Once the line holding "Vineyards in Tuscany, Italy Stock Photo" is found, output it and all remaining lines of the data exactly, with every picture left out.

DATASET EXTRACT
+++++

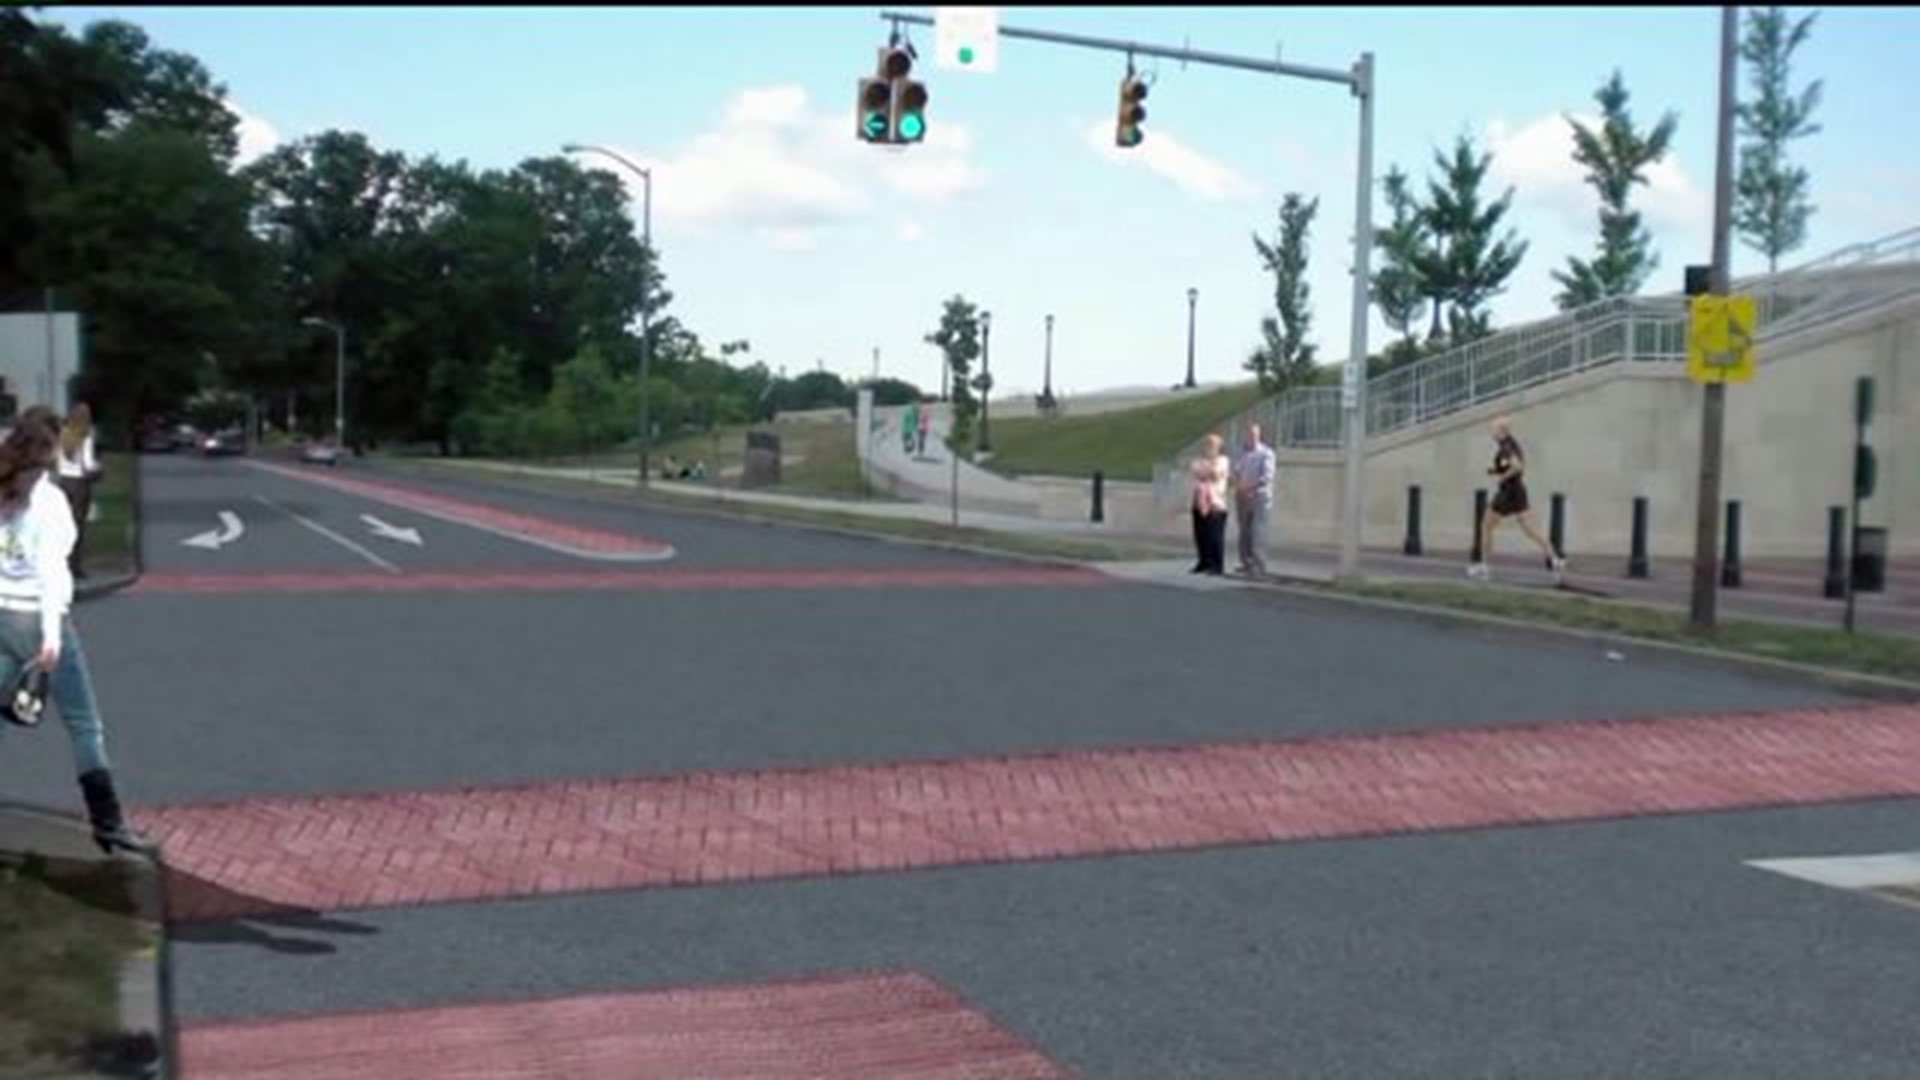 New Crosswalks Planned for River Street in Wilkes-Barre
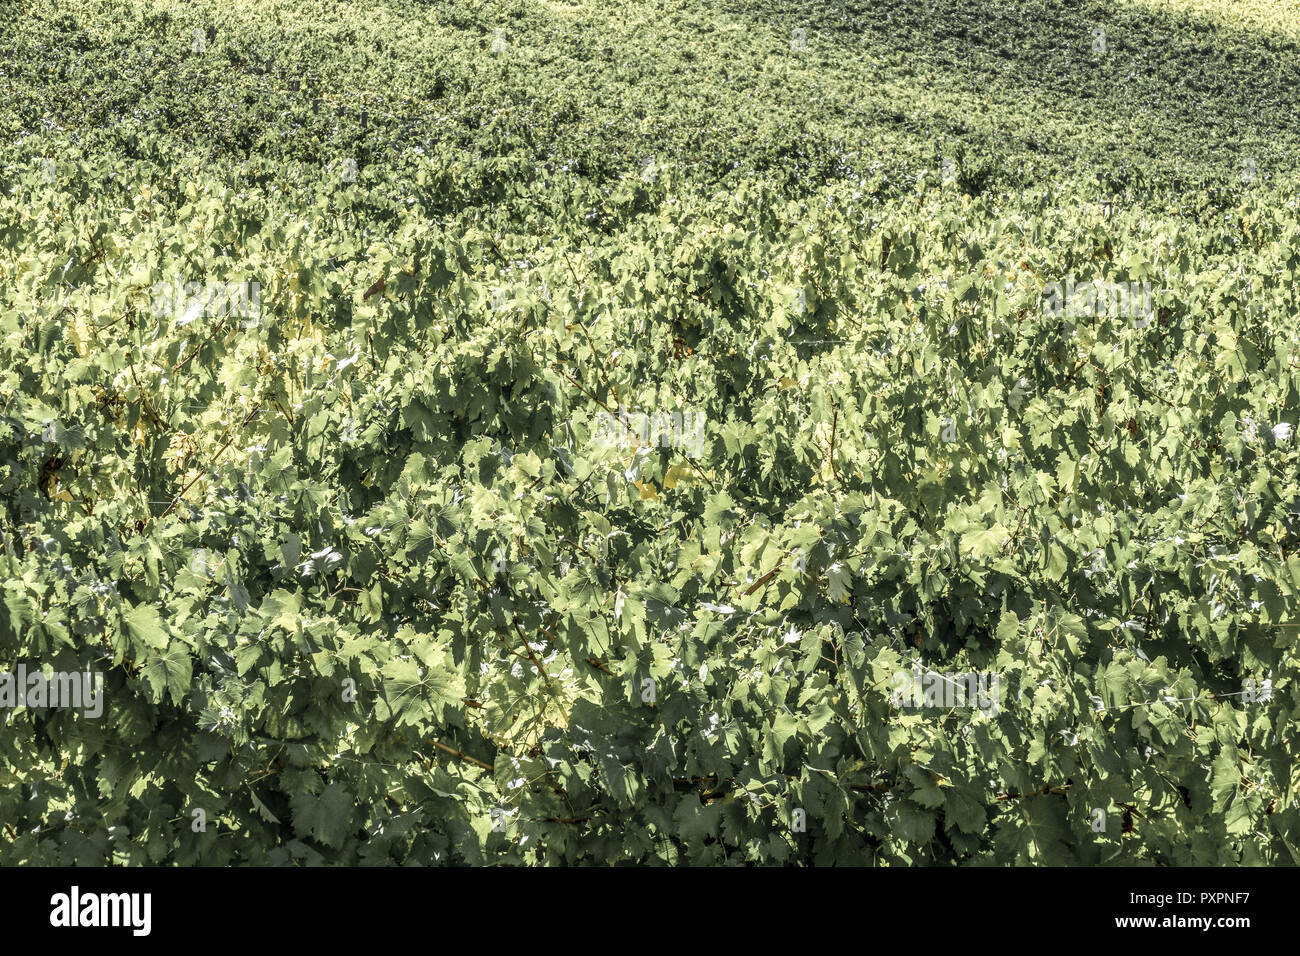 Vineyards in Tuscany, Italy Stock Photo
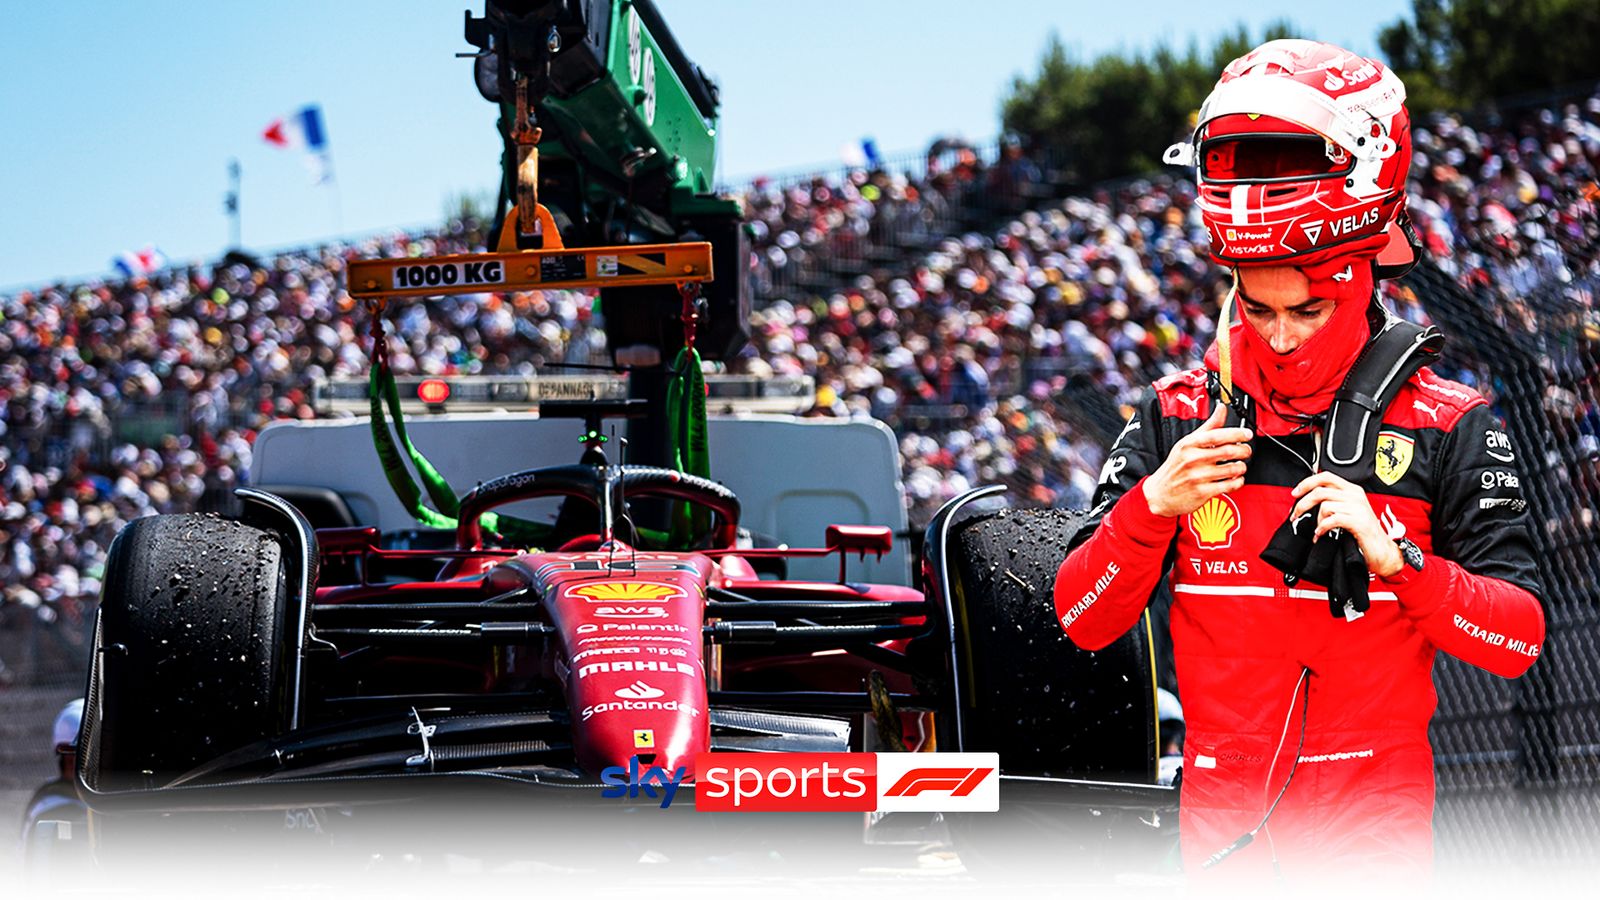 Charles Leclerc ennyire hibás?  A Ferrari visszautasítja az „igazságtalan” felvetést, a Magyar Nagydíj válaszára utal

+++++

OUTPUT OF THE EXERCISE
 Vineyards in Tuscany, Italy Stock Photo
 Charles Leclerc ennyire hibás?  A Ferrari visszautasítja az „igazságtalan” felvetést, a Magyar Nagydíj válaszára utal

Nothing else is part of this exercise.